I actually have some experience in teaching others about handling difficult people since teachers have to do that all the time. The best book I have used in connection with the subject is "Teacher Effectiveness Training" by Thomas Gordon. The book and his others on parenting and leading in organizations emphasize the need to listen fully, carefully and accurately to what others are saying. Nothing helps a person become difficult faster than not being listened to, even though most people don't get listened to, most of the time.

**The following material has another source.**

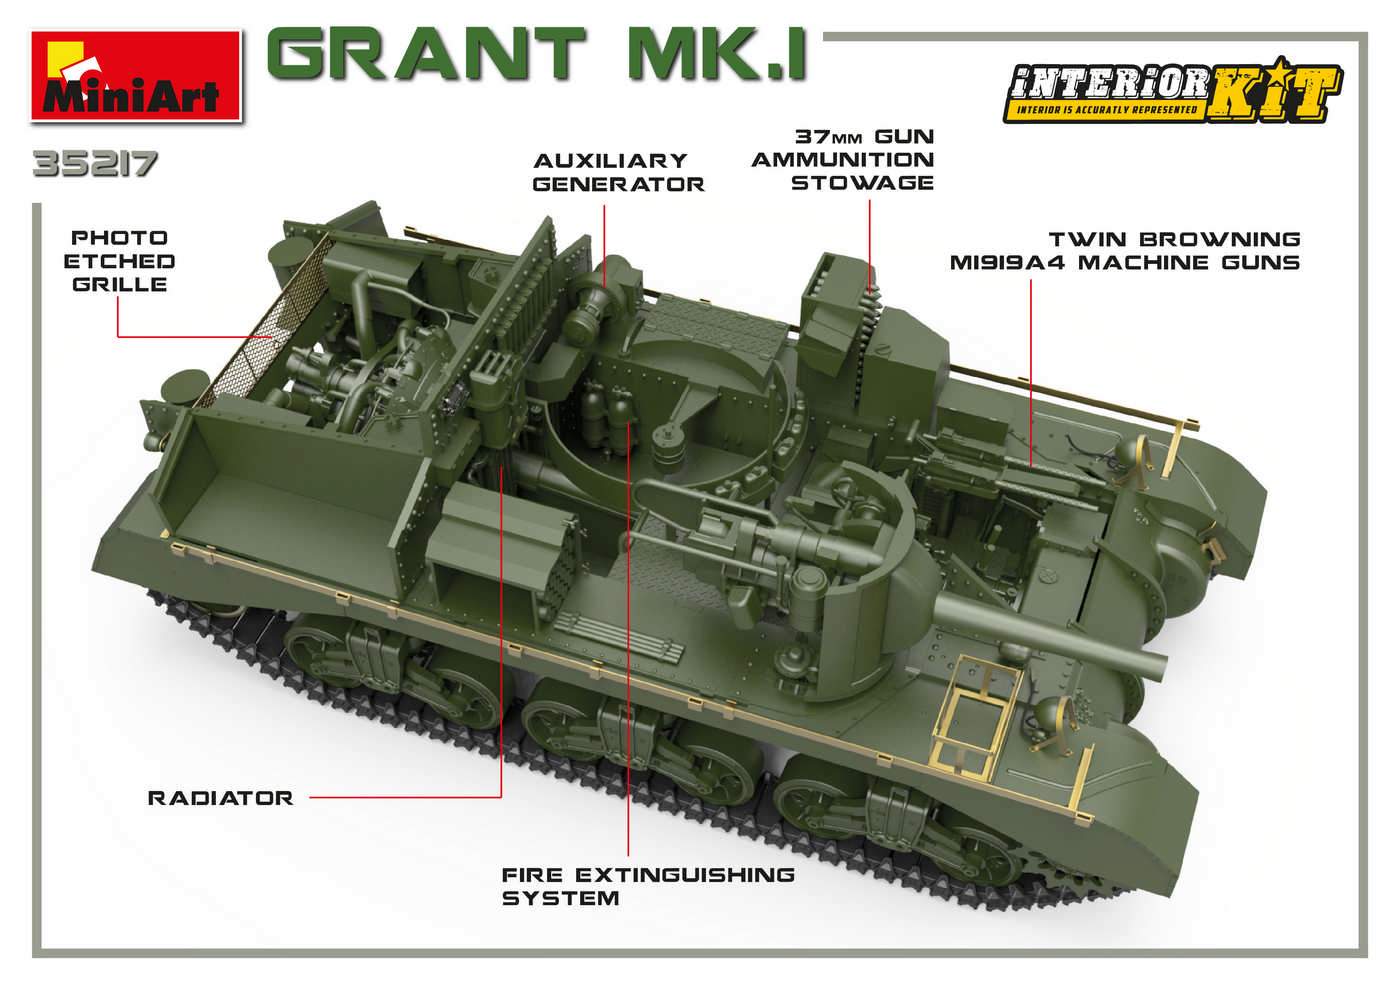 Miniart Military 1 35 M3 Grant Mk1 Tank W Full Interior New Tool Kit

Gordon next emphasizes what he calls "I-messages", that is statements about myself, not statements of accusations or blame or admonishments to, or about the other person. The frustrated and fatigued parent or teacher dealing with a difficult child often raises that well-known lecturing finger and delivers some sort of negative statement about the child. Nine times out of ten, that same negative statement, true or partially true or not, has been leveled at the recipient before. It is not likely to help the situation, the speaker or the recipient.
When I was 34 and had been teaching at the university for 6 years, I was selected to be the major administrator of a group of 40 college students on a trip to Britain for 11 weeks and a tour of several European countries for 3 weeks. I had not been out of the US except for a trip to Canada and I had no experience or training in 24-hour-a-day oversight of a diverse group of energetic but inexperienced young people. To try to prepare myself, I did what academics often do: I read a book. It was "On Becoming a Person" by Carl R. Rogers.
It, too, emphasized the need for openness, honesty and acceptance of the other person in any relationship. Rogers' words helped me keep a semblance of cool most of the time.
The problems of my being a difficult person for others to get along with and of my being difficult for me to understand and abide continue, but I am working on them both.